Become aware of how your choices impact your actions, feelings, and outcomes. Like, when you talk to yourself that way, it feels bad. Choose to admit that when you watch too much TV, you are responsible for not having enough time to spend with the kids, or your new passion, or to get your laundry done. And, choose to realize that when you do take the time to meditate or pray, do yoga, take a walk, that you feel refreshed, energized, and satisfied that you did something to serve yourself. These are just a few small examples of how what you choose impacts your outcomes and your feelings. Recognize the choices you make that serve you and those that don’t.
As more awareness is brought into your mind about your choices, the more you will be able to discern the direct relationship between your results to your choices. This should not be an attempt to beat yourself up when you make a choice that slips back into unconscious behavior or that you feel might have been better. In fact, you should be appreciative and encouraged that you have the sense of awareness at all! More awareness expands the possibilities of choice, and begins to close the gap of separateness to ALL.

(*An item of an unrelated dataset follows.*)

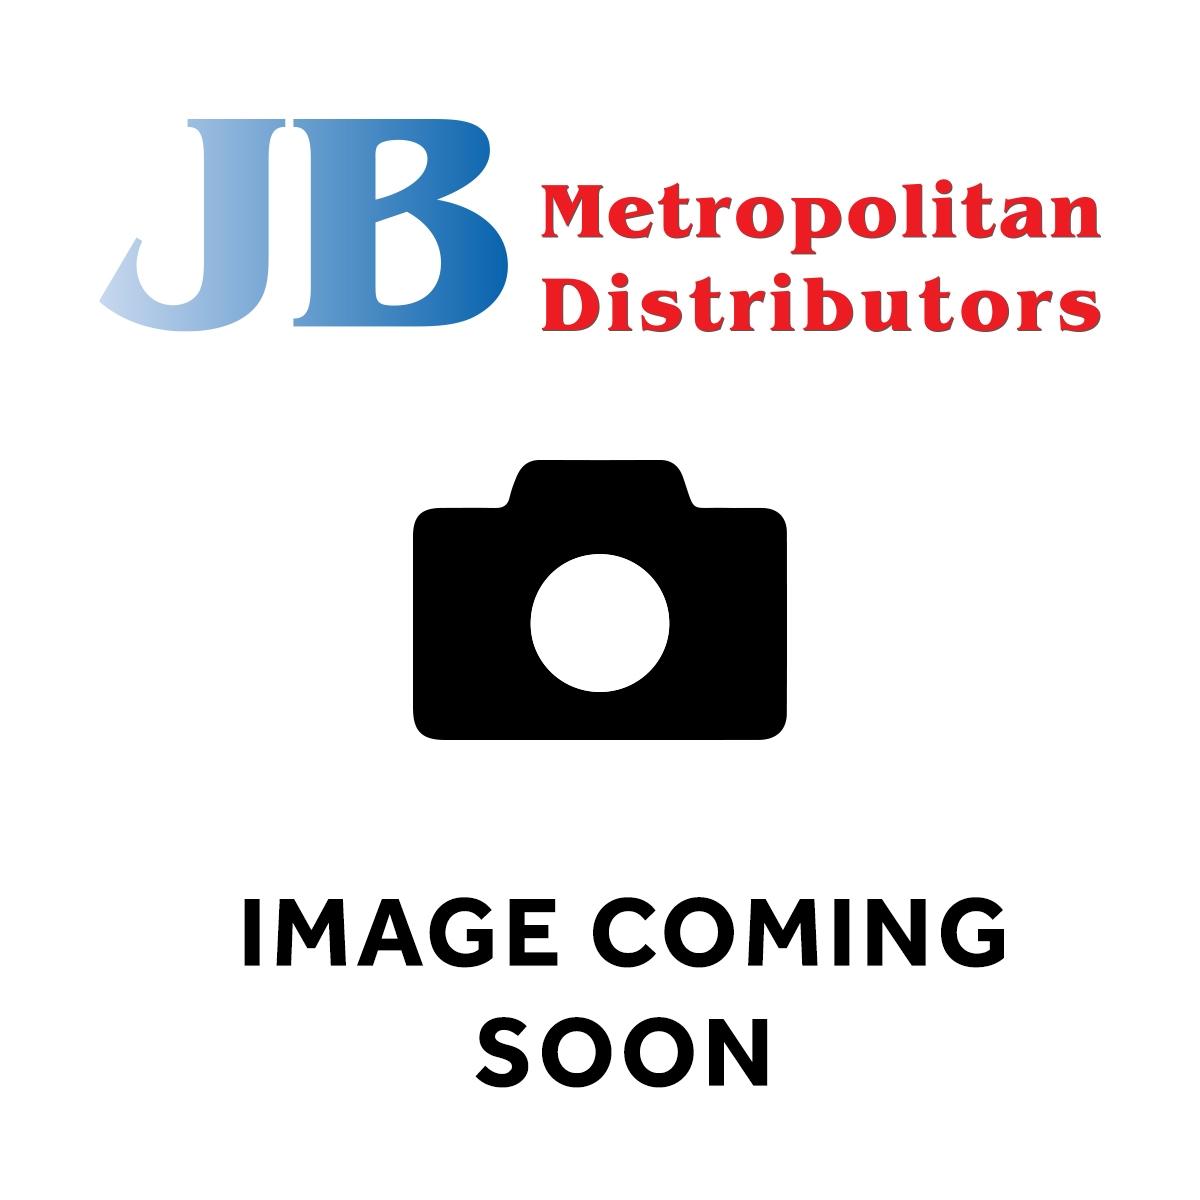 76G CADBURY TURKISH DELIGHT TWIN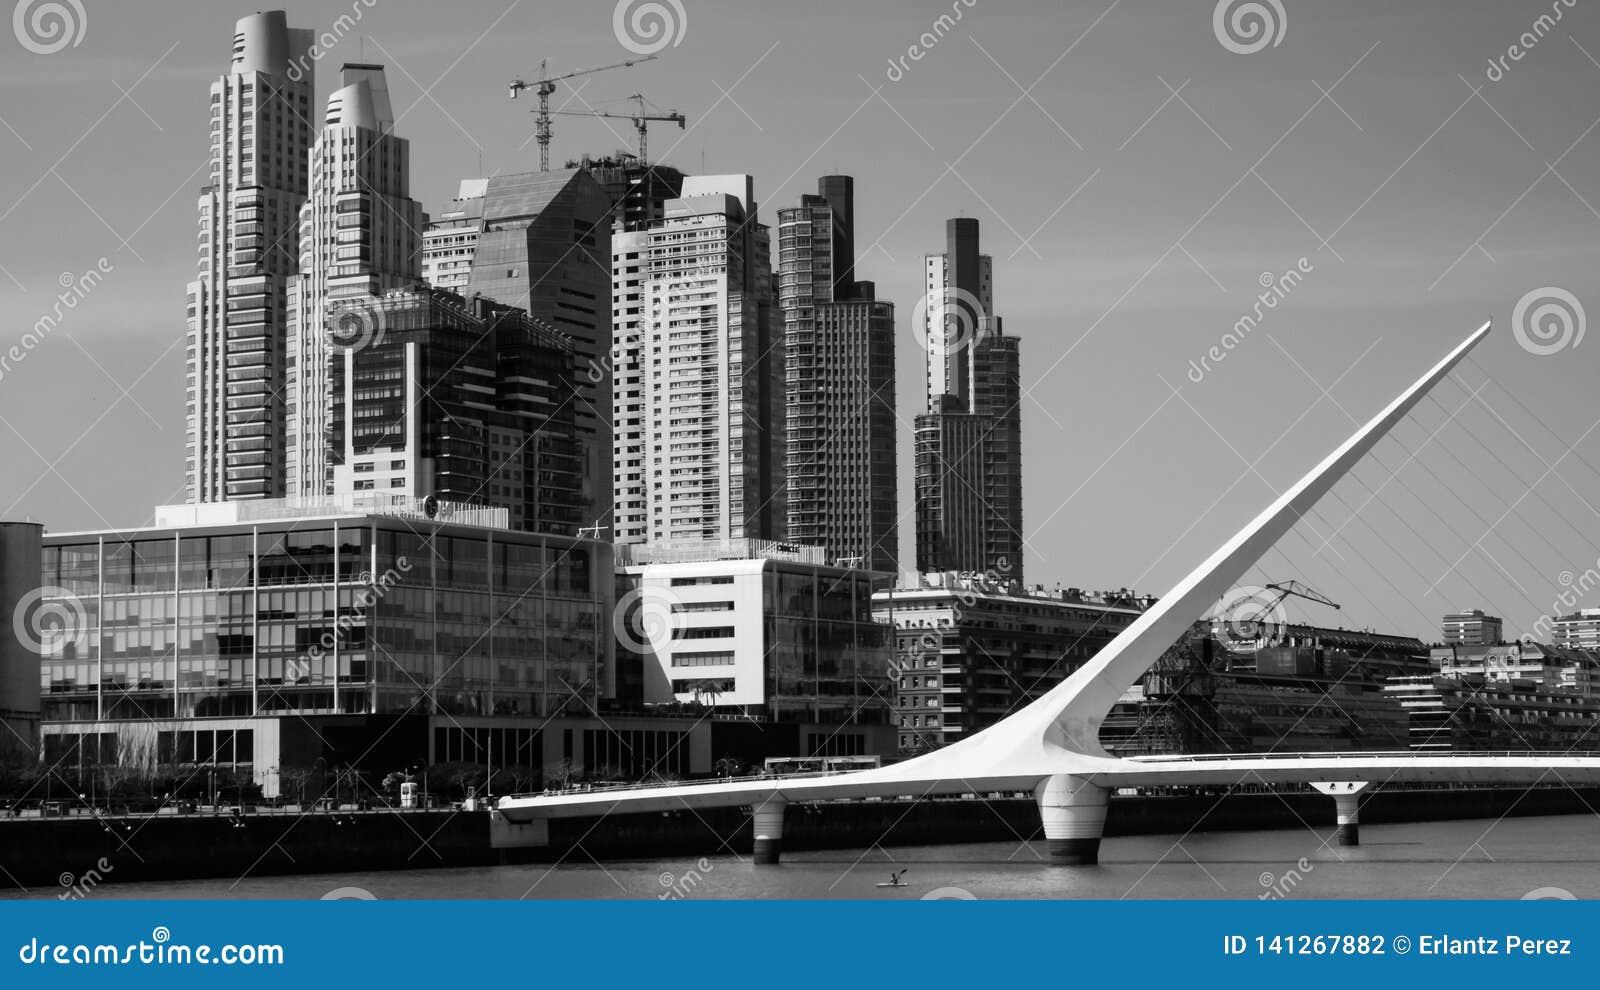 Woman Bridge of Calatraba in Buenos Aires,Puerto Madero, white and Black

The idea of choice, as a fundamental divine right, is also a connecting point between the human and the spiritual self. If we did not have the gift of choice, how could we ever choose a path to enlightened living and purpose? Not being able to direct our own path, (like to choose enlightened living and connecting to Universal Laws), would mean that we are nothing more than really fancy robots. If all we have is our conditioned, biological, and instinctive nature, then we are barely more advanced than our primitive cousins. But we know deep down, that there is much more to us than what we can see. So much more.
It all starts by making a choice. A reactionary, emotional, and driven life implies a life where we must be constantly surviving and conquering the world as it is thrown at us. A relaxed, accepting, and flowing life implies a life where we direct our thoughts and actions towards our divine purpose and intentions. Challenges can either be met, with a spirit of resignation or furious willpower, or they can be embraced as a stepping stone to the next level of choice.
Making serious changes in our lives to begin to expand, grow, and realize the full potential available to us, from heaven and earth, requires that first, we make a choice. This is the gift. And an amazingly powerful one it is. The only curse about choice is the one that we have put upon ourselves with our very own choices (or by not choosing). Everything is a choice. What is yours? Choose wisely.
Joleen Halloran is the author of Finding Home – Breaking Free from Limits under the pseudo name of Joleen Bridges. This book represents over 10 years of research and inspiration in personal and spiritual empowerment and provides readers with a pathway to overcome limits and discover authentic divine qualities in their lives and to live a life of unbounded freedom.
Beyond Joleen’s professional life, she is an avid reader and researcher of books and other materials related to her profession, but also to her special passion, which is metaphysical and spirituality topics. You can find out more about Joleen’s book at her books website, [http://www.breakingfreefromlimits.com]. Additional articles of a spiritual and inspirational nature can be found at the book’s website as well. The book is available for purchase at Amazon and at a discounted price directly from the books website.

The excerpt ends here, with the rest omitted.